__What is expected__. Repeat word for word the lines starting at the one with "DAVID COVERDALE WHITE" and ending at the final line of the material, both ends included; omit pictures.

__Recorded information__.
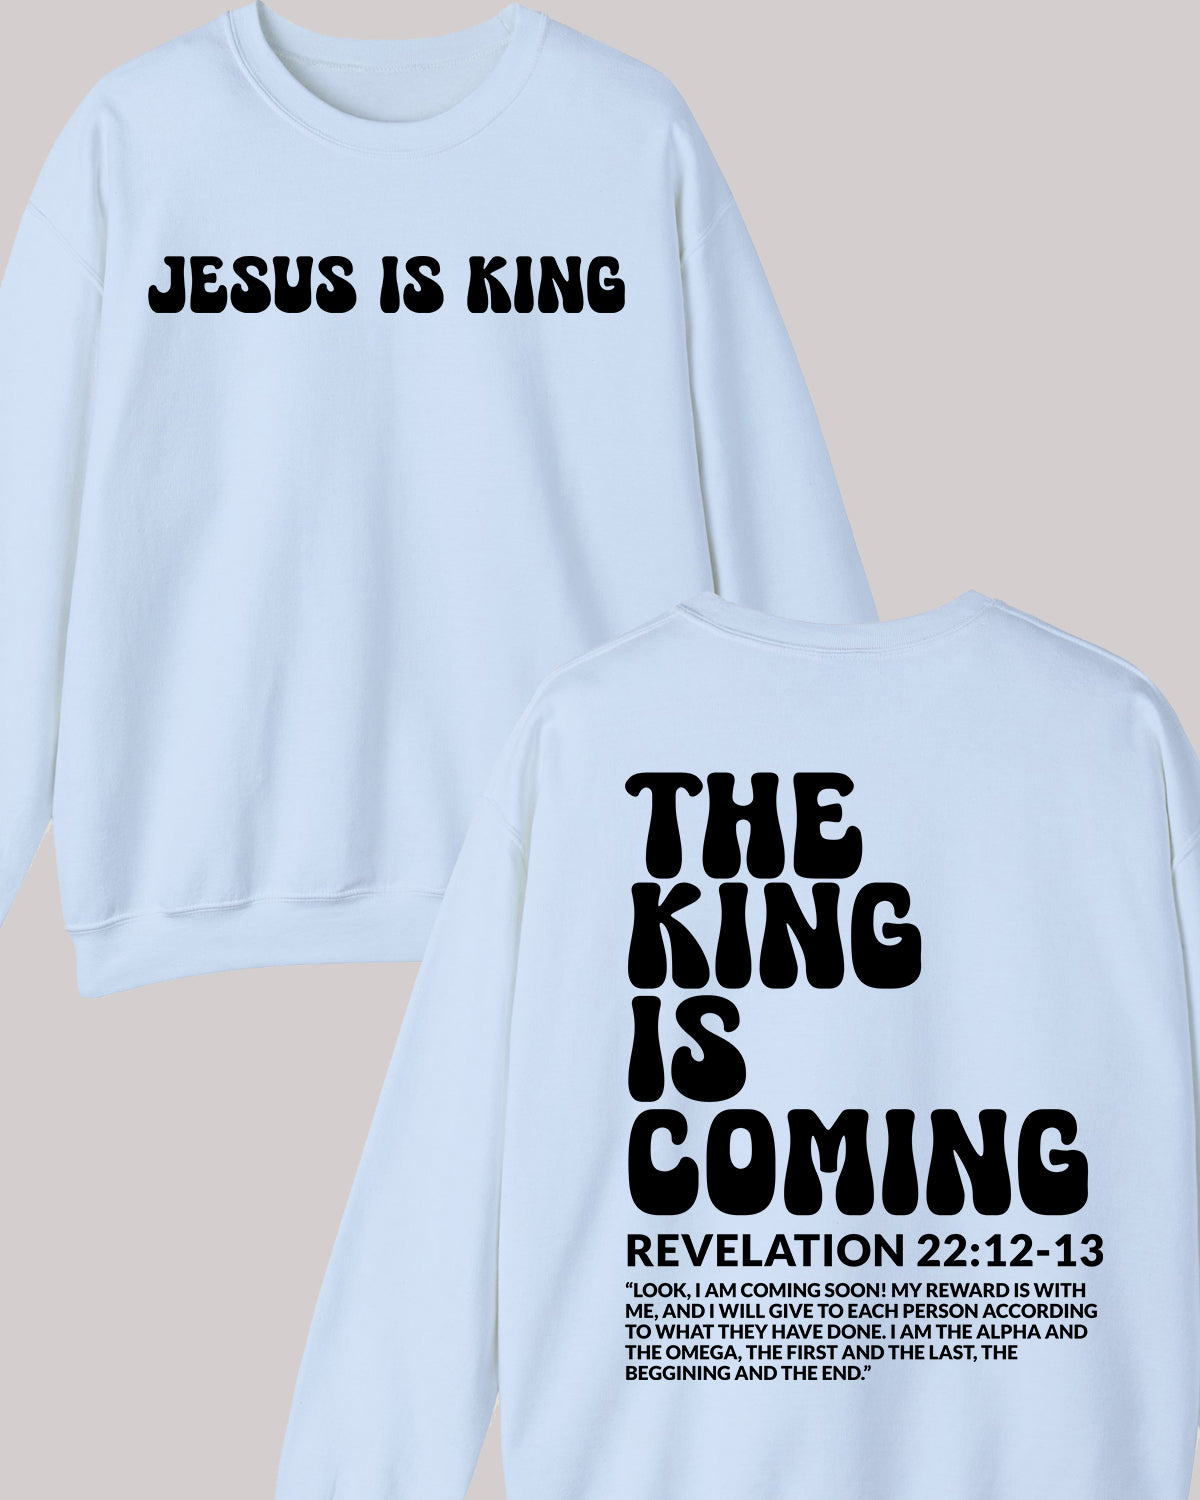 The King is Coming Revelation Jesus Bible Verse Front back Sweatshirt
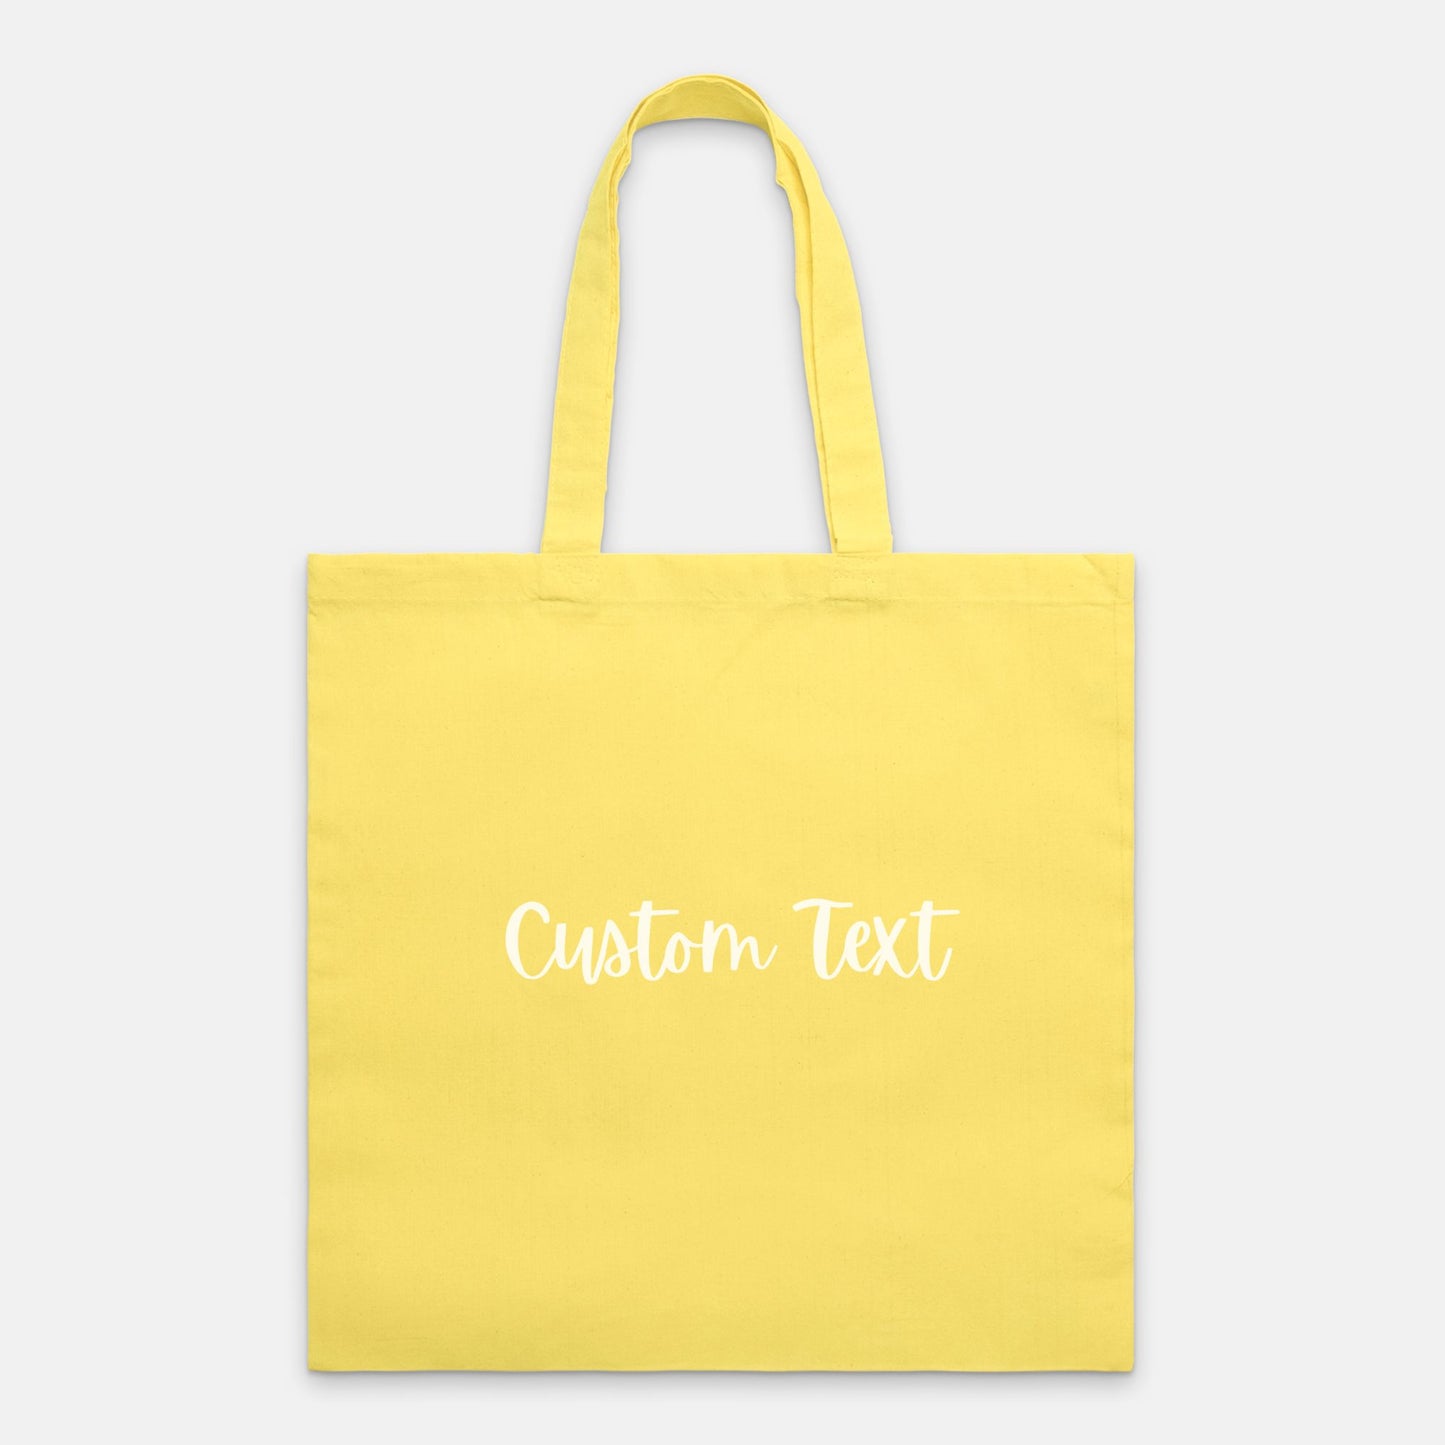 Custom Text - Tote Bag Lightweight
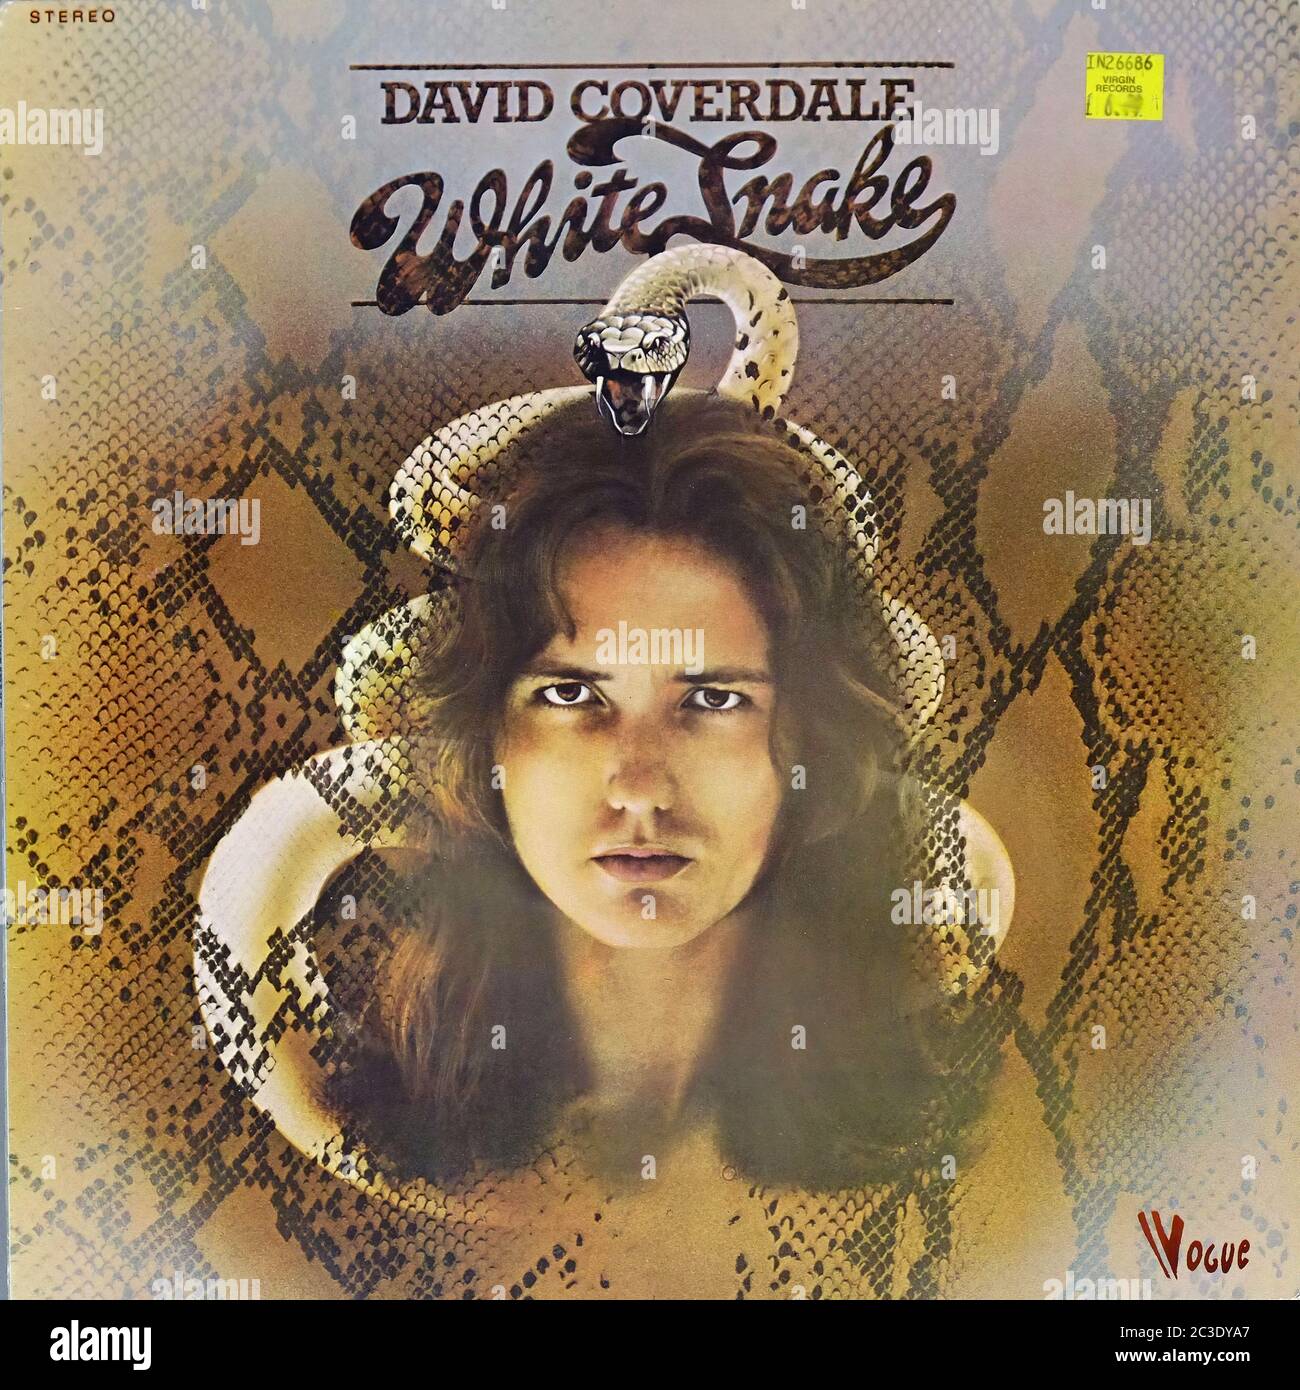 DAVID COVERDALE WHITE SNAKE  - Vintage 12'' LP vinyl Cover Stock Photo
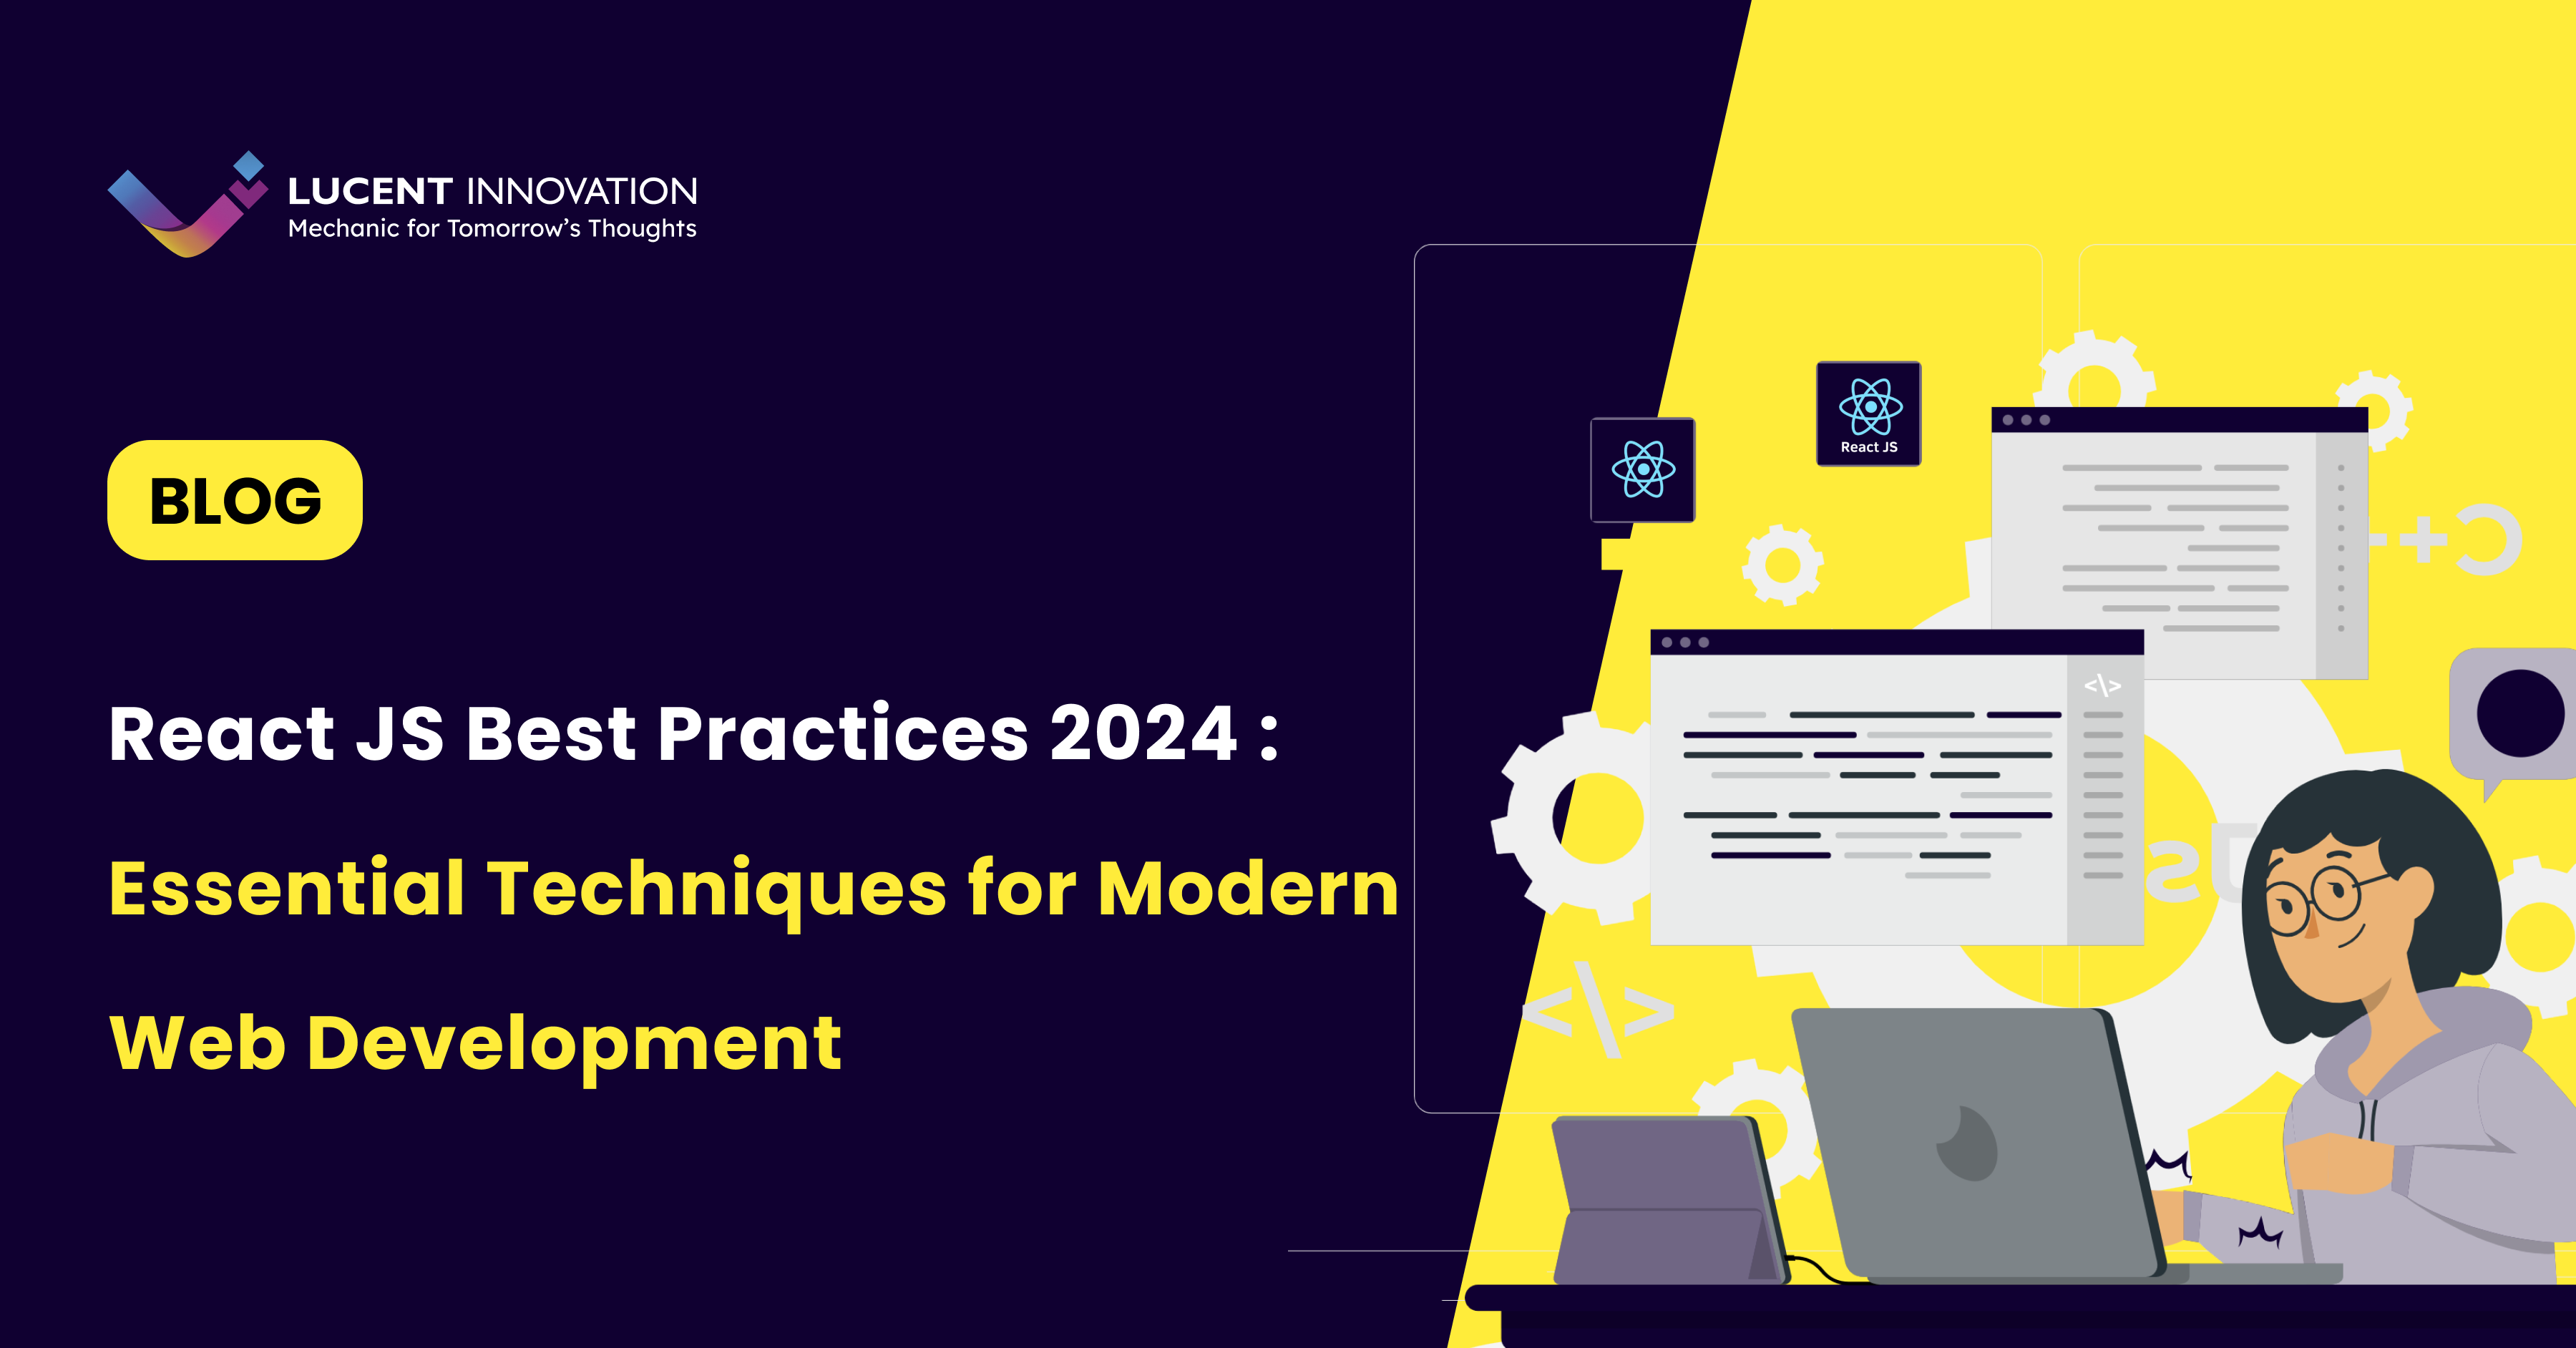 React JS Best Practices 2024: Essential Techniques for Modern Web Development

__Response box__.
 DAVID COVERDALE WHITE SNAKE  - Vintage 12'' LP vinyl Cover Stock Photo
 React JS Best Practices 2024: Essential Techniques for Modern Web Development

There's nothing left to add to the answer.